Part.37 ああっ! トムディ!
トムディは、バレルの召喚した魔物に殴られた。
殴る。……殴る。その一撃は重く、トムディの王冠は容易く吹っ飛び、壁に当たって地面に落下した。高価な防具は破れ、やがてトムディは投げ飛ばされ、壁に叩き付けられた。その衝撃は、トムディが『赤い甘味』で受けた打撃の比ではなかった。
「ほらほら、反撃してみろよ。聖職者なんだろ? まあ確かに相手が悪魔なら、【ヒール】でもダメージにはなるだろうし、【サンクチュアリ】なら倒せるかもしれねえな。――――やってみろよ。出来るんだろ?」
トムディは既に、杖を取り落している。グレンオードのように、杖が無くとも魔法を発動させるだけの実力と魔力を、トムディは持ち合わせていなかった。あっさりと石像の魔物に首を絞められ、今度は壁に押さえ付けられ、再び身動きを封じられる。
あまりに一方的な攻撃だった。……だが、トムディは濁った瞳でバレルを睨み付けると、歯を食い縛った。
バレルは、動けないトムディの髪を引っ張る。
「…………苛々するんだよ、お前を見てるとなァ。弱い癖に調子に乗ってんじゃねえよ。何の才能もねえ奴は、大人しく相応の人生送ってりゃ良いんだよ」
物音が聞こえないように、民家から少し離れて訓練していたのが災いした。周辺には商業施設が多く、物音を立てても寝静まった民衆まで届くことは無かった。すぐそばには、ルミルとよく話している『赤い甘味』があるが……ルミル・アップルクラインは、そこには居ないだろう。
トムディは、バレルを睨み付けていた。
「さっさと言った方が、楽になれると思うけどなァ。俺に敵わないって、もう分かってんだろ?」
*
一時間程の時が経った。それでも、トムディは殴られ続けていた。
既に身も心もぼろぼろで、瞳は覇気を失っていた。魔物は何時しか二体に増え、一体はトムディの自由を奪い、もう一体はトムディに攻撃を仕掛けていた。
首は垂れ下がり、トムディの足下には血が溜まっていた。既に夢か現か定かでは無い様子で、視線は宙を彷徨った。
「意外としぶといな、コイツは……」
流石のバレルも、表情に僅かな疲労が見て取れる。
トムディは、一言も口を開かなかった。殴られようとも、蹴られようとも、微動だにせず、やがて糸の切れた人形のように、だらりと垂れ下がっていた。時折、浅い呼吸の音が聞こえていた。
バレルはトムディの胸倉を掴み、罵声を飛ばした。
「さっさと言えよ!! アァ!?」
そう言うバレルの方にも、焦りの色は見えた。……このまま進めば、本当に殺してしまうという現実に気付いているからだろう。

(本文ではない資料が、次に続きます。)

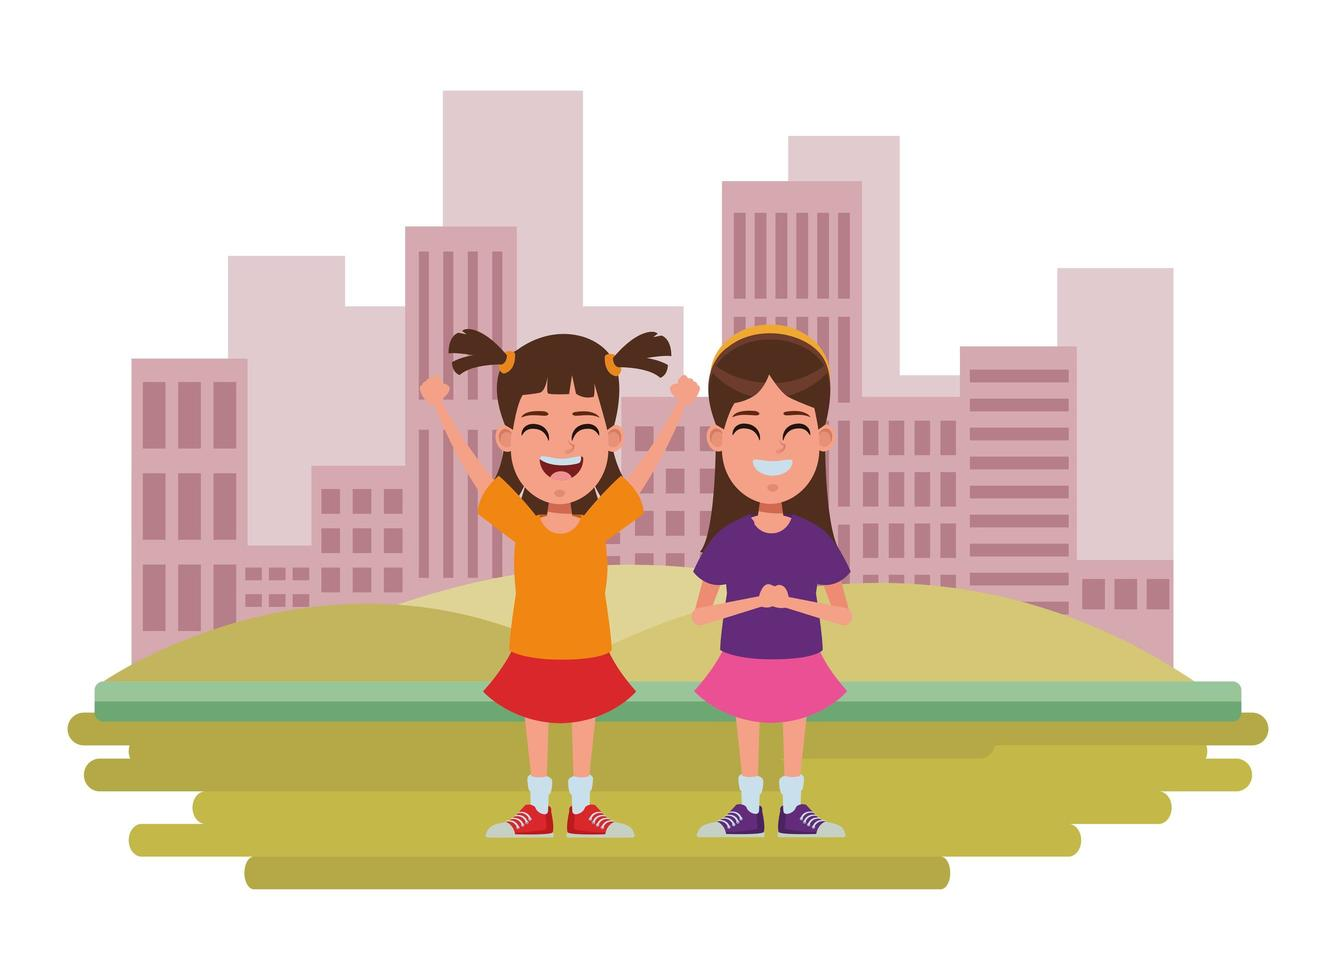 personnages de dessins animés enfants dans la scène de la ville vecteur
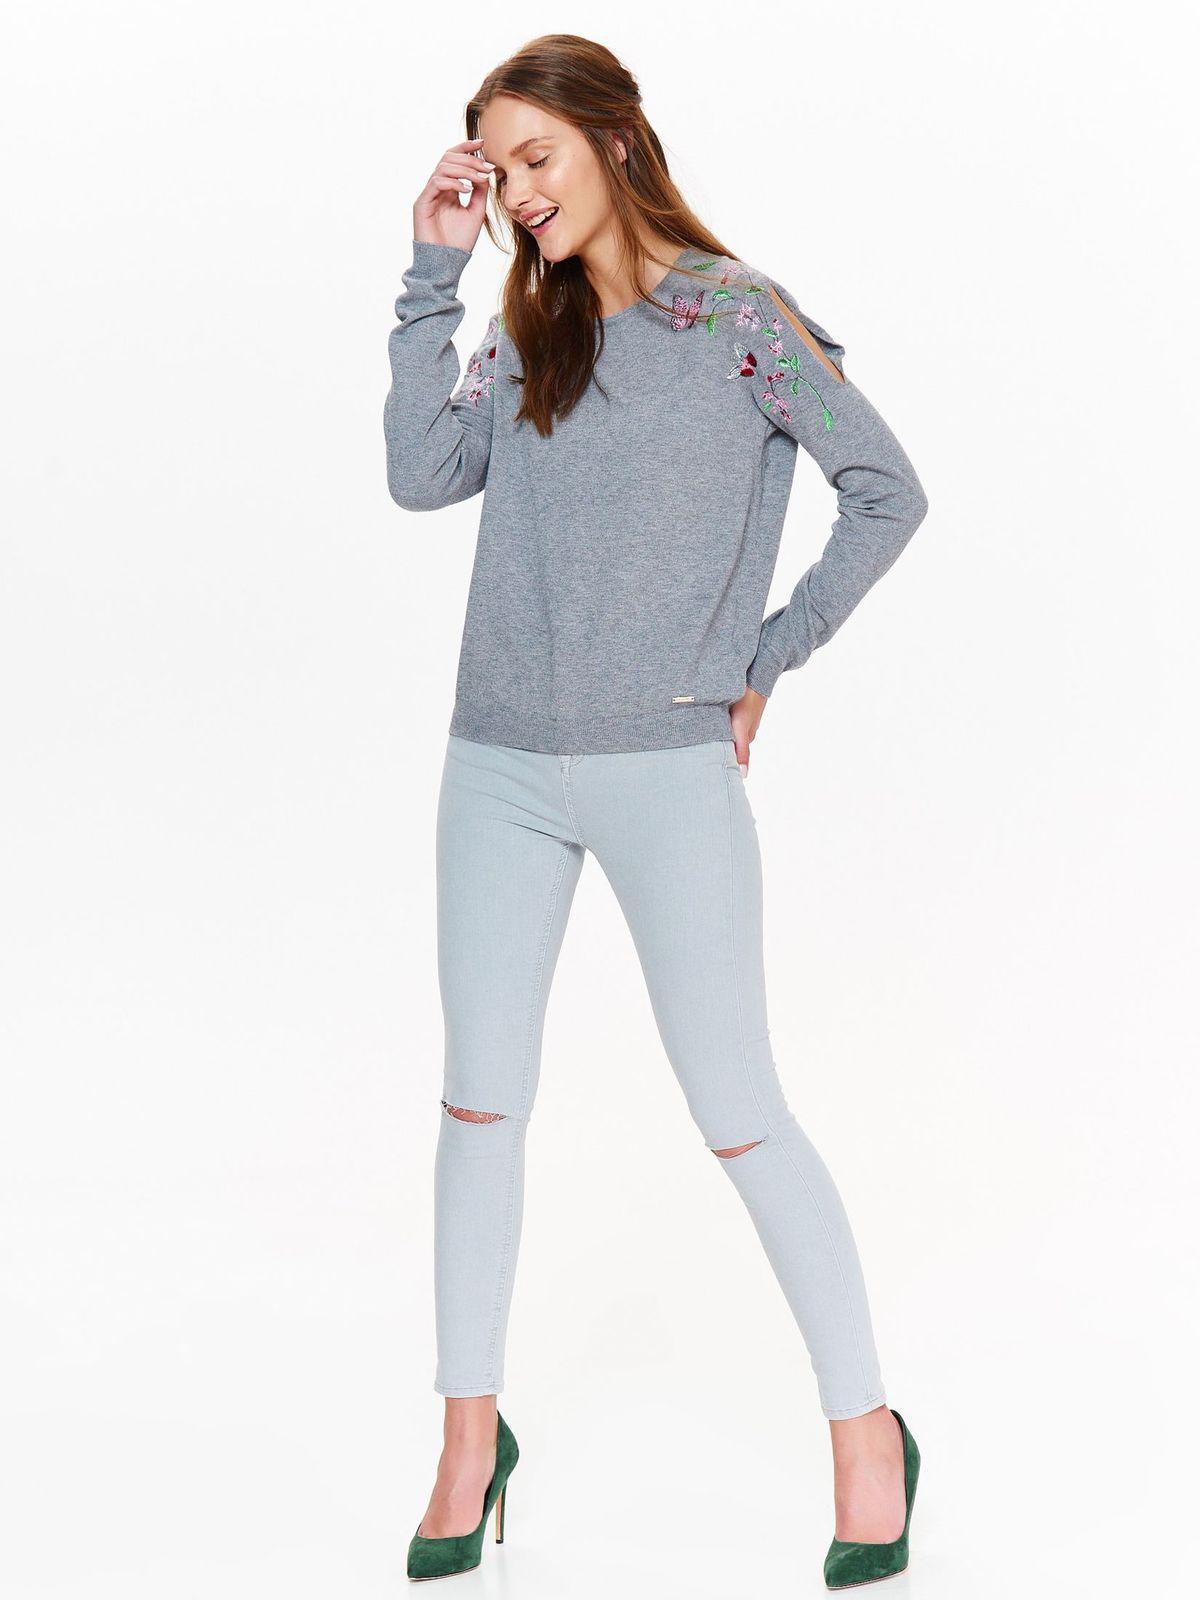 Свитер женский Top Secret, цвет: серый. SSW2320SZ. Размер 36 (44)SSW2320SZ

それでも、言わない。そうなれば、バレルには何も残らない。魔物がトムディの腕を離すと、トムディはその場に崩れ落ちた。
「ねえ、バレル? ……あんた、まだやってんの? ダラダラやってると、夜が明けちゃうよ?」
露出の高い服装に身を包んだ少女が、空から降りて来た。ピンクに近い紫色の長髪に、血を思わせる真っ赤な瞳。背中には、黒い翼が生えていた。バレルはその少女を一瞥すると、舌打ちをした。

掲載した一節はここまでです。